◆ **EXERCISE REQUIREMENTS**
Your task is to repeat all of the data exactly while excluding the pictures.
--- SUPPLIED DATA Enclosed Below ---
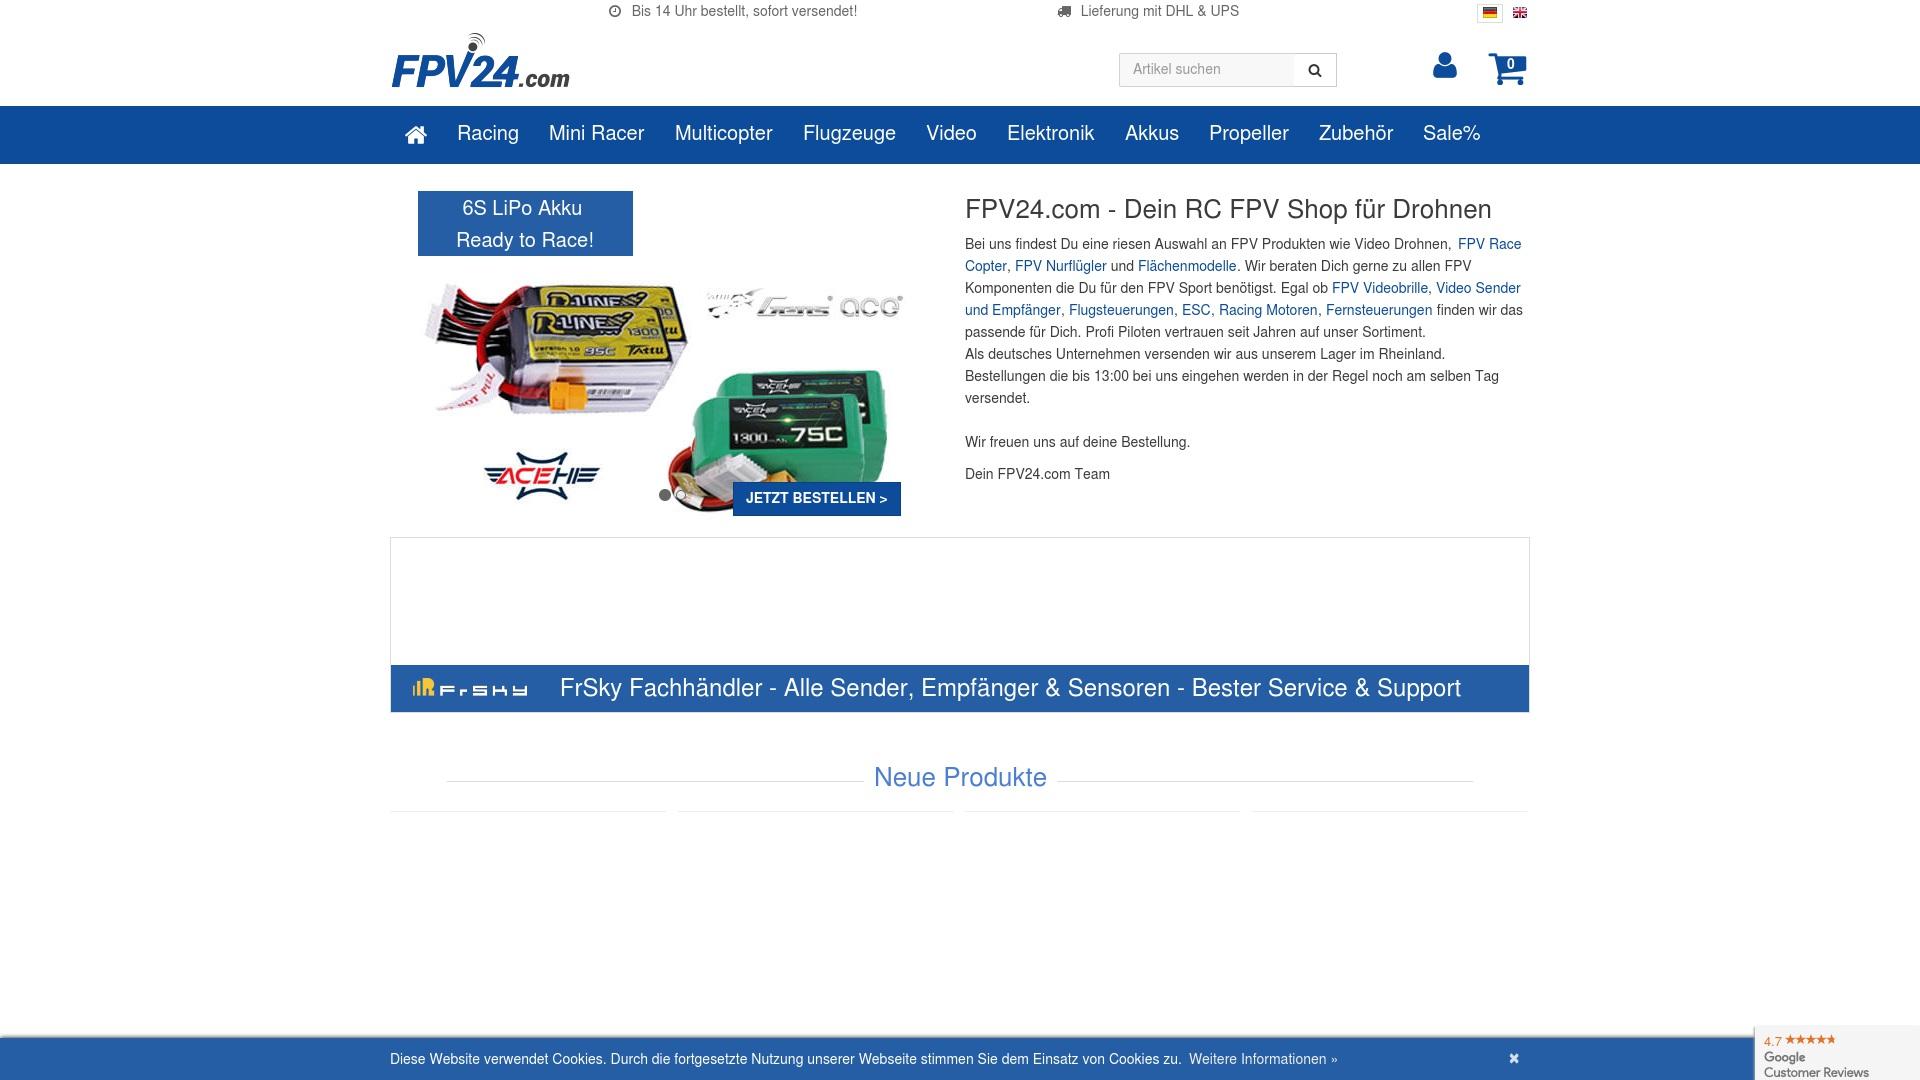 Gutschein für Fpv24: Rabatte für  Fpv24 sichern
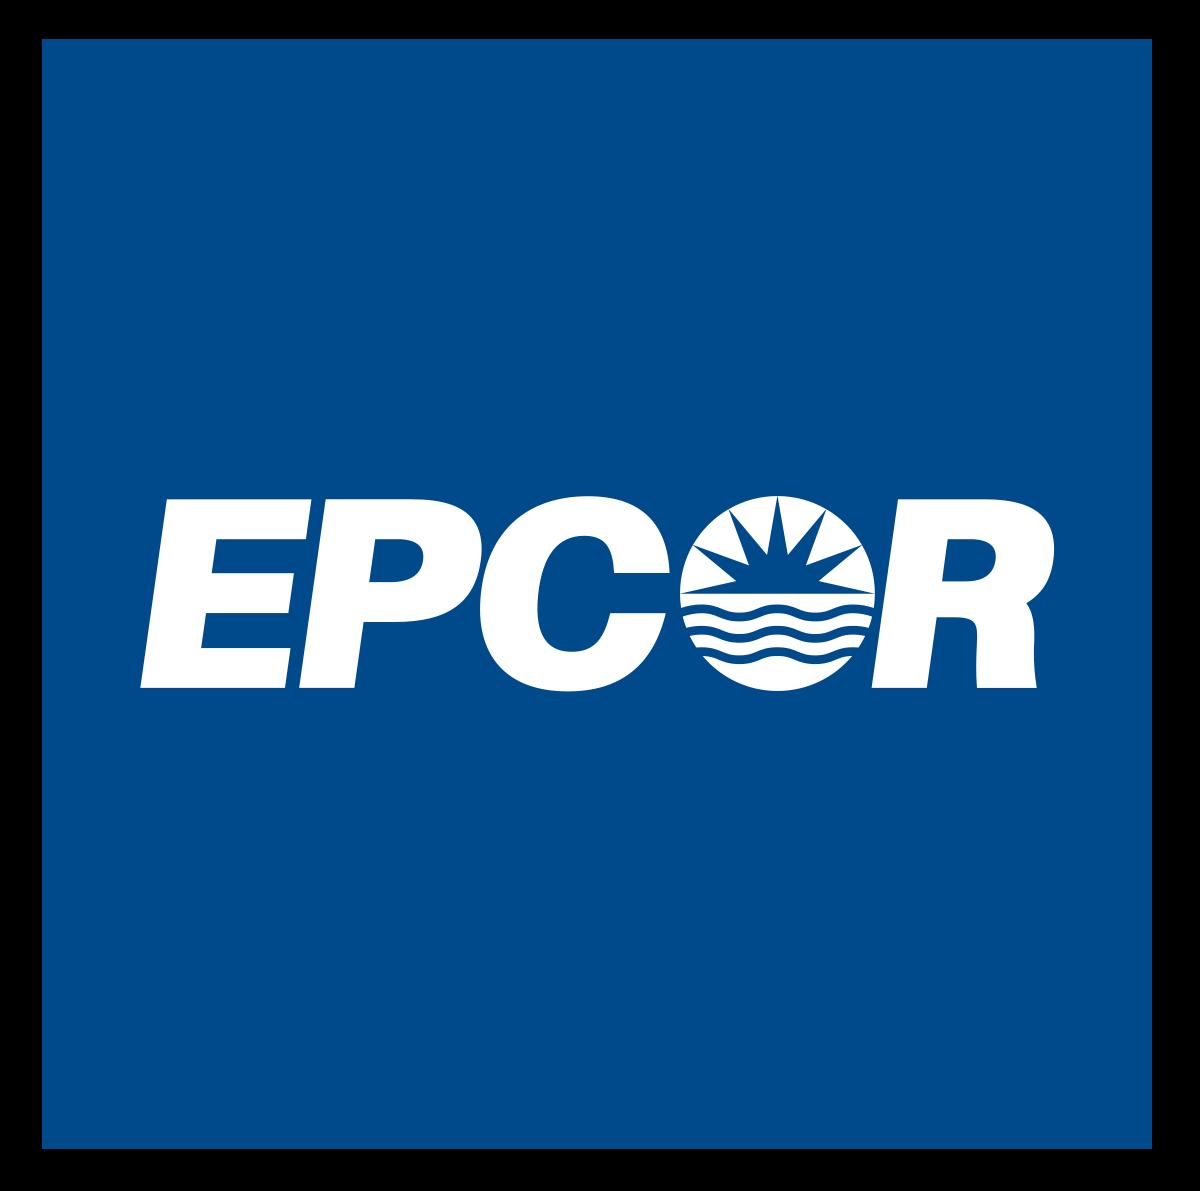 Csatlakoztassa az epcor-t
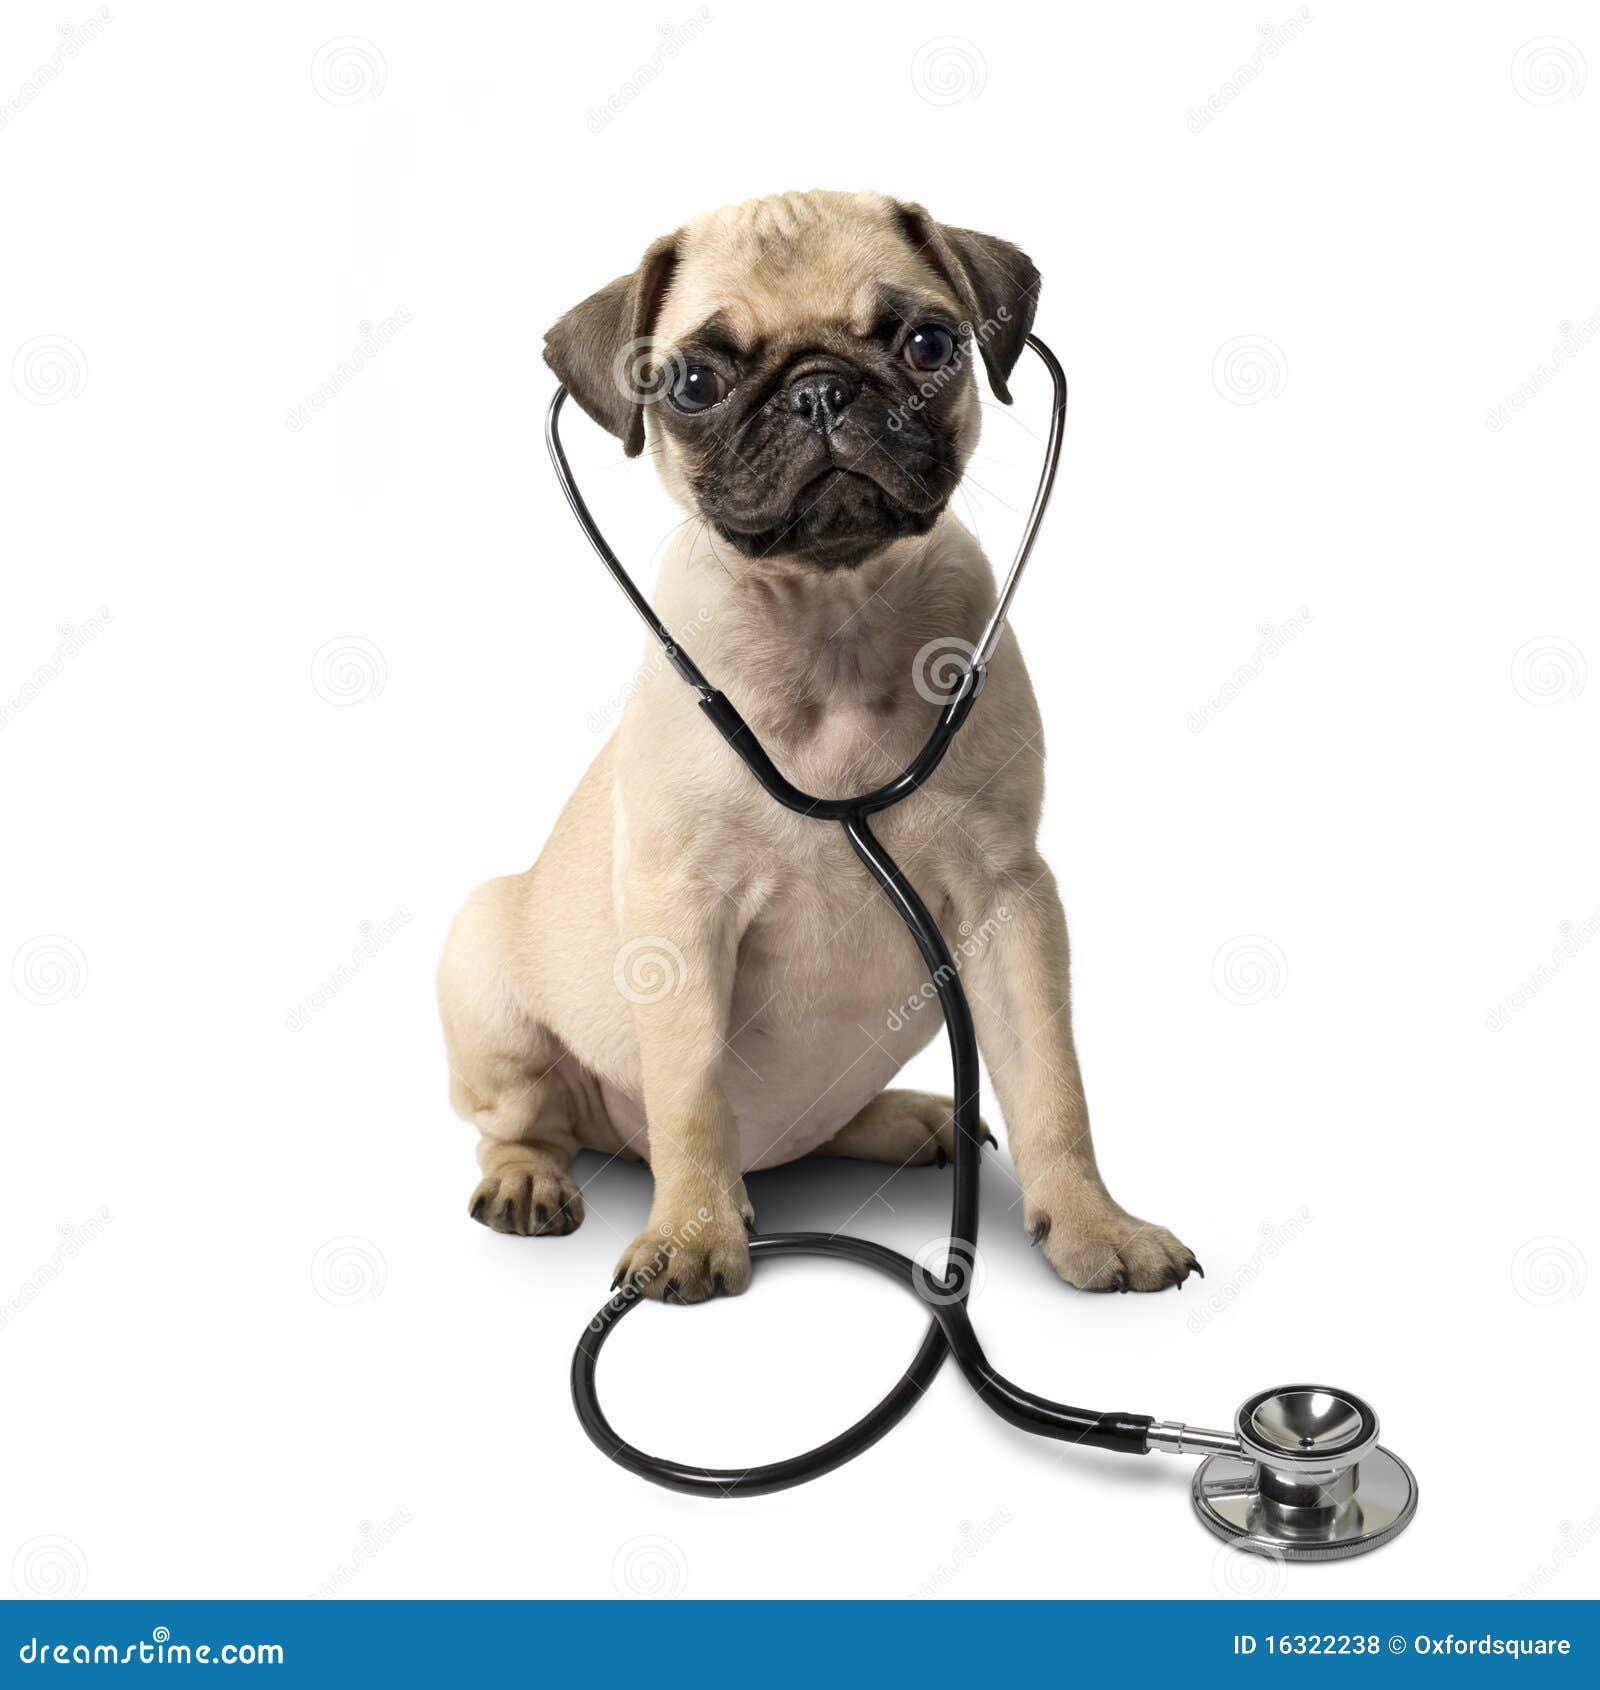 Pug dog and a stethoscope
--- End of Enclosed SUPPLIED DATA ---
◆ **EXERCISE RESULT**
 Gutschein für Fpv24: Rabatte für  Fpv24 sichern
 Csatlakoztassa az epcor-t
 Pug dog and a stethoscope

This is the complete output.